• [YOUR OBJECTIVE] The exercise calls for the lines from the one containing "In pictures: Fish vendors at Iraqi market" to the end of the data below to be output exactly, pictures excluded.
------ PROVIDED DATA ------
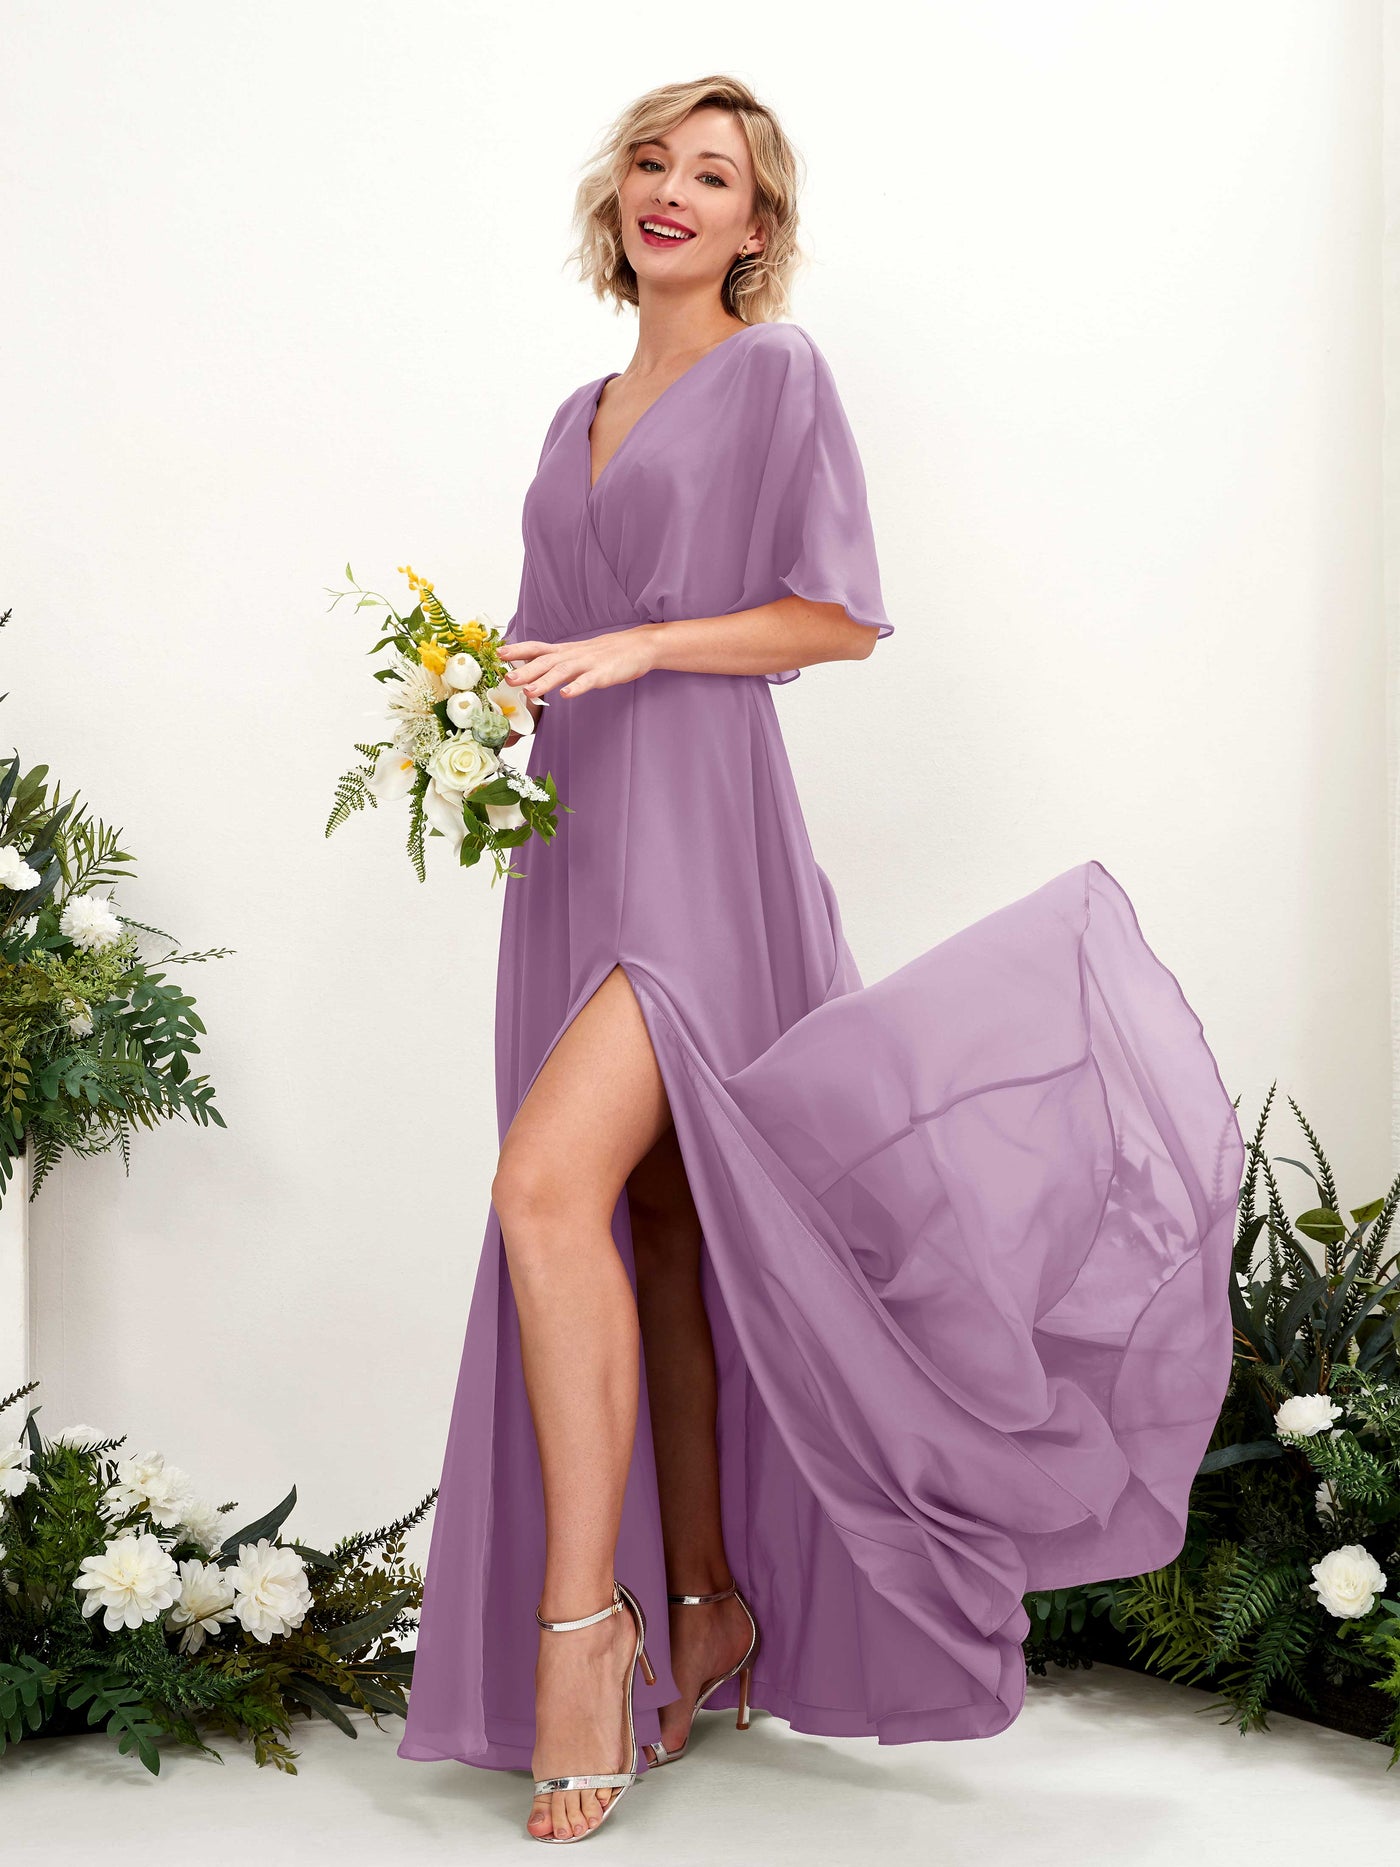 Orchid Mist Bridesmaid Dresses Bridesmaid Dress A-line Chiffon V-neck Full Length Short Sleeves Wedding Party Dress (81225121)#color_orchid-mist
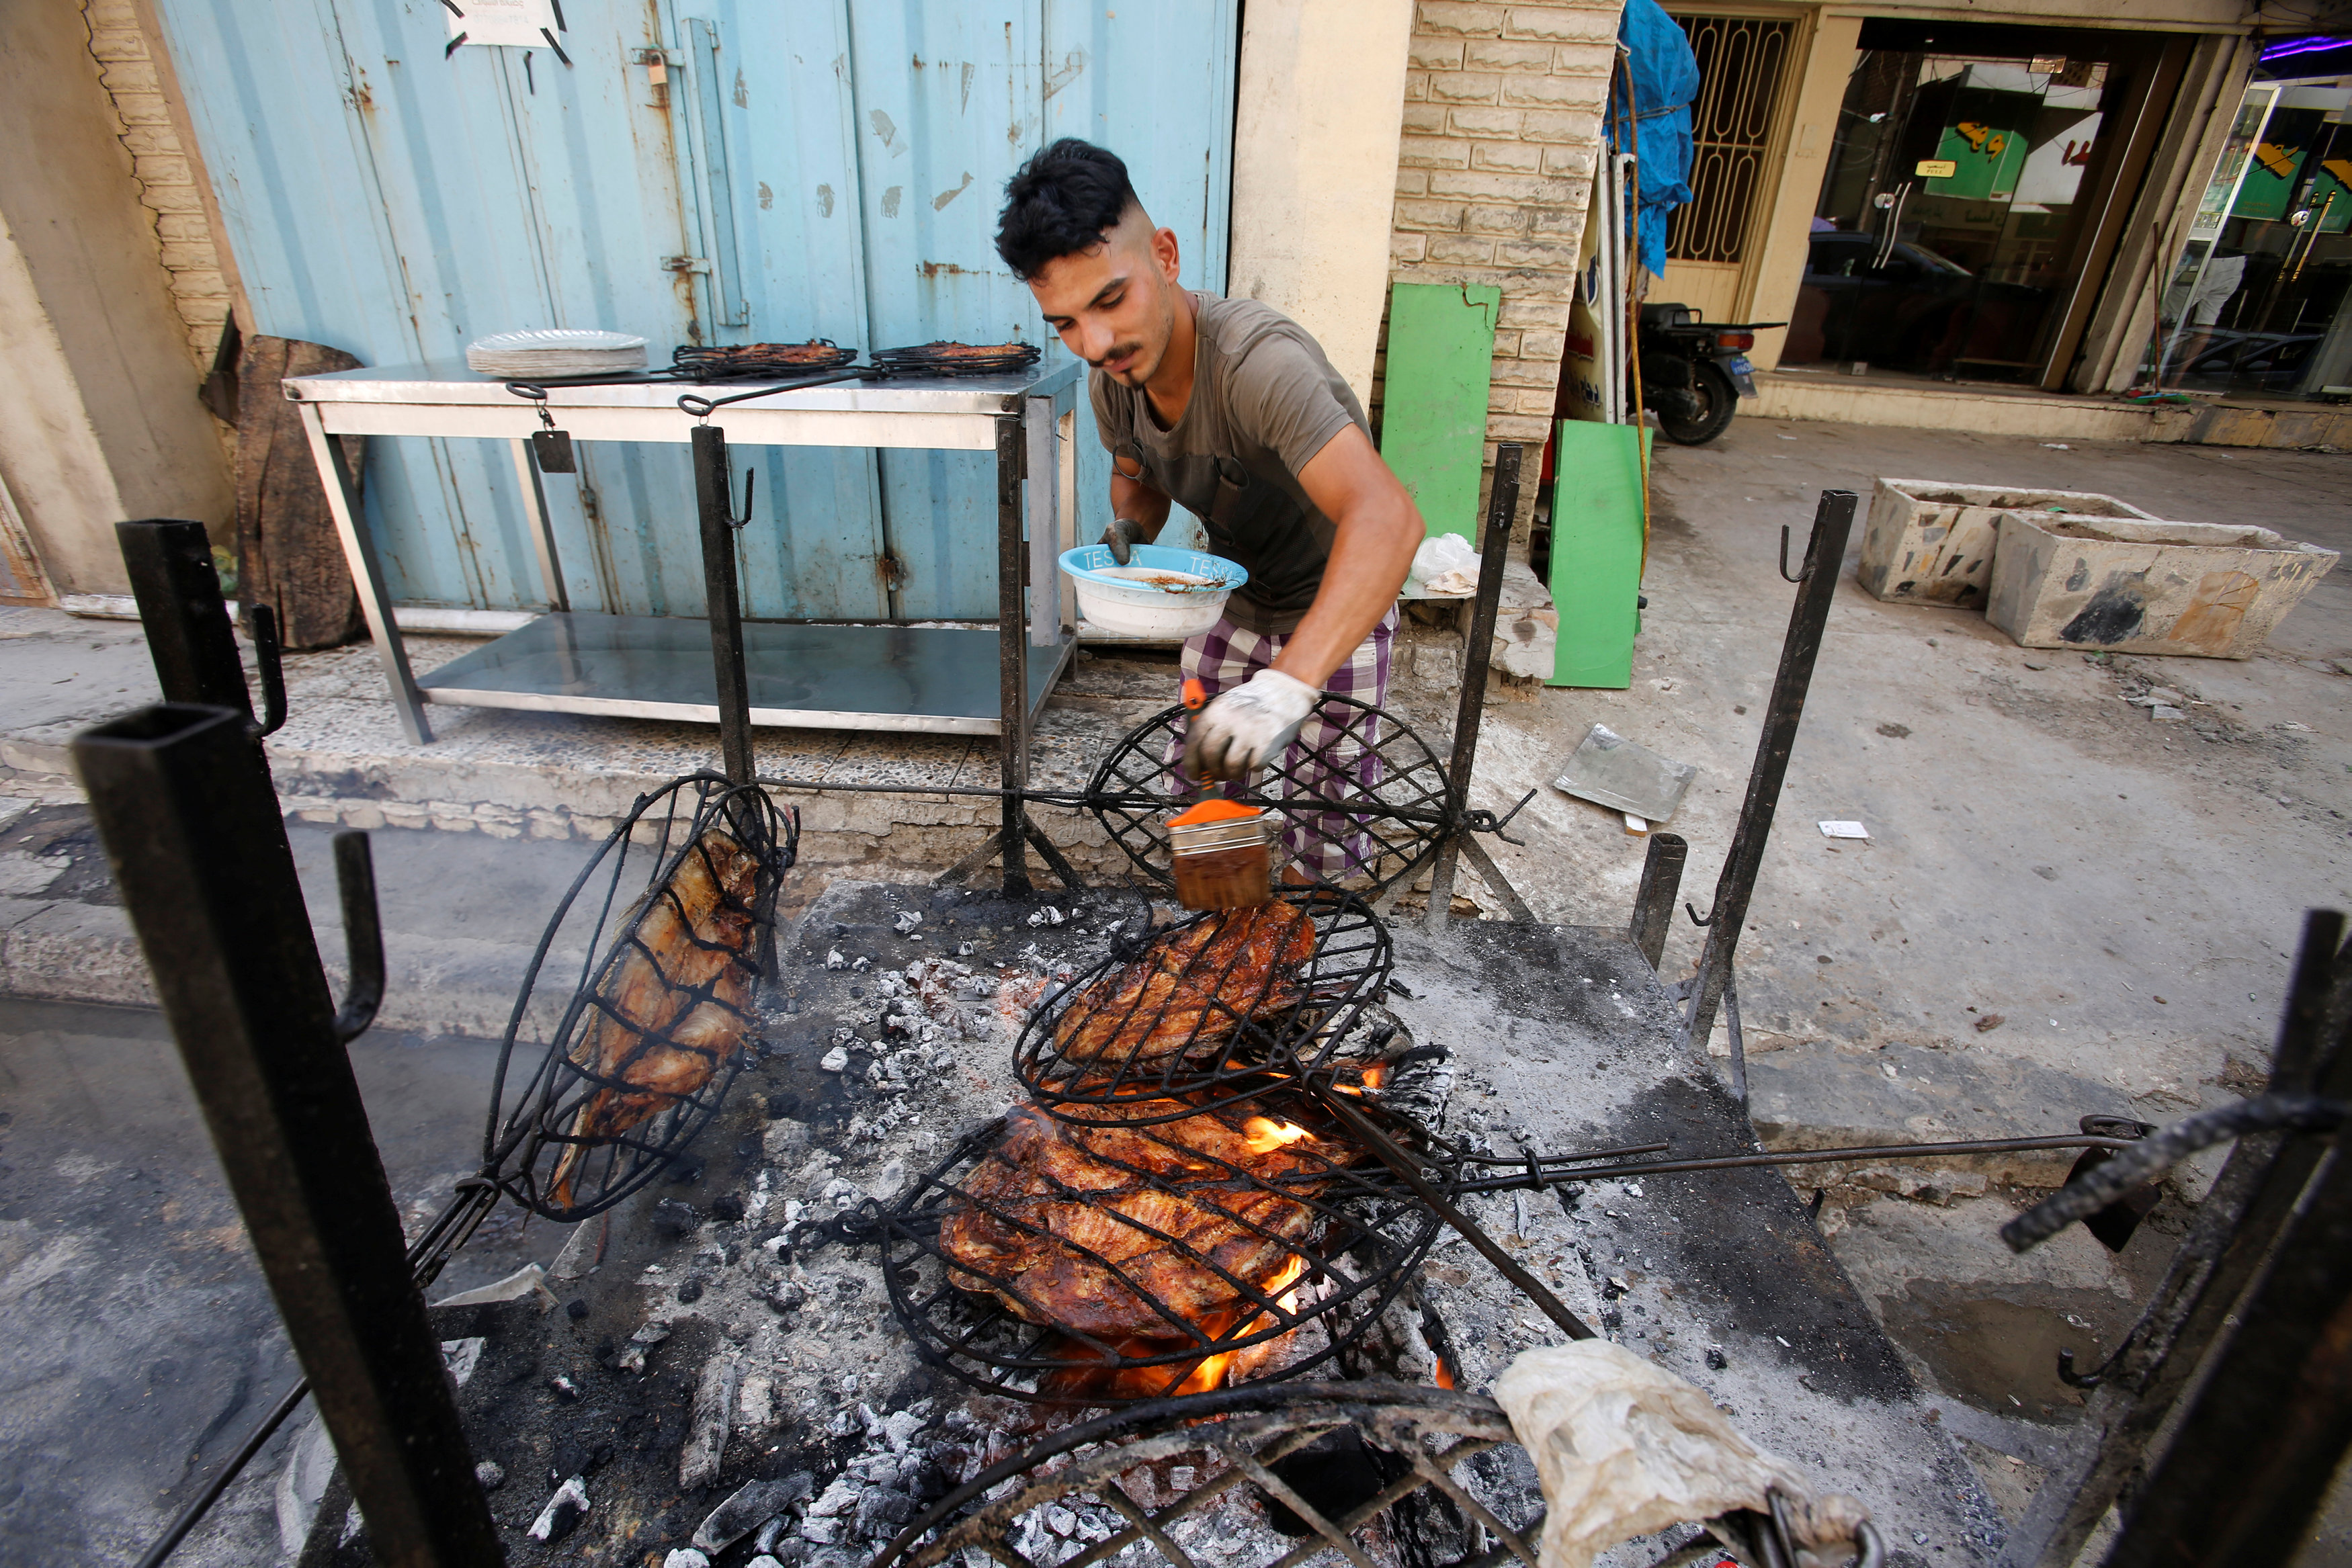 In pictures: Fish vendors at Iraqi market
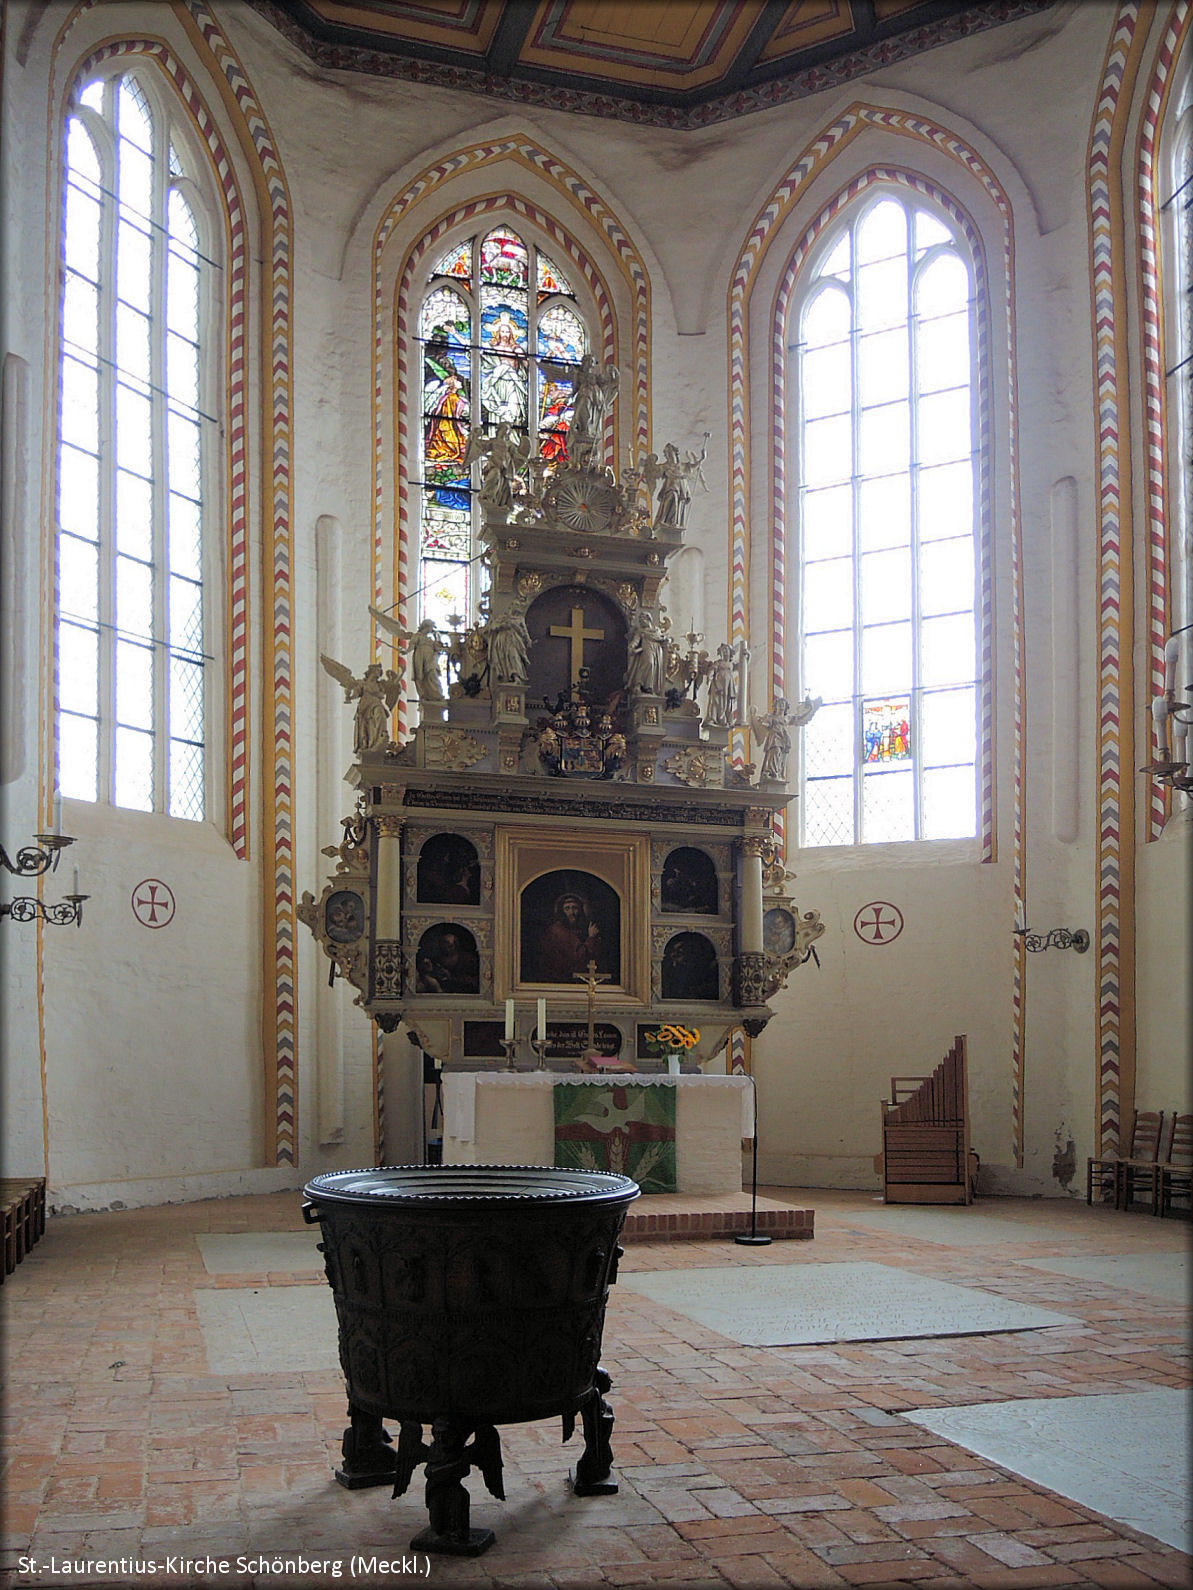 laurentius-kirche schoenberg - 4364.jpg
------
• [ANSWER TO THE EXERCISE]
 In pictures: Fish vendors at Iraqi market
 laurentius-kirche schoenberg - 4364.jpg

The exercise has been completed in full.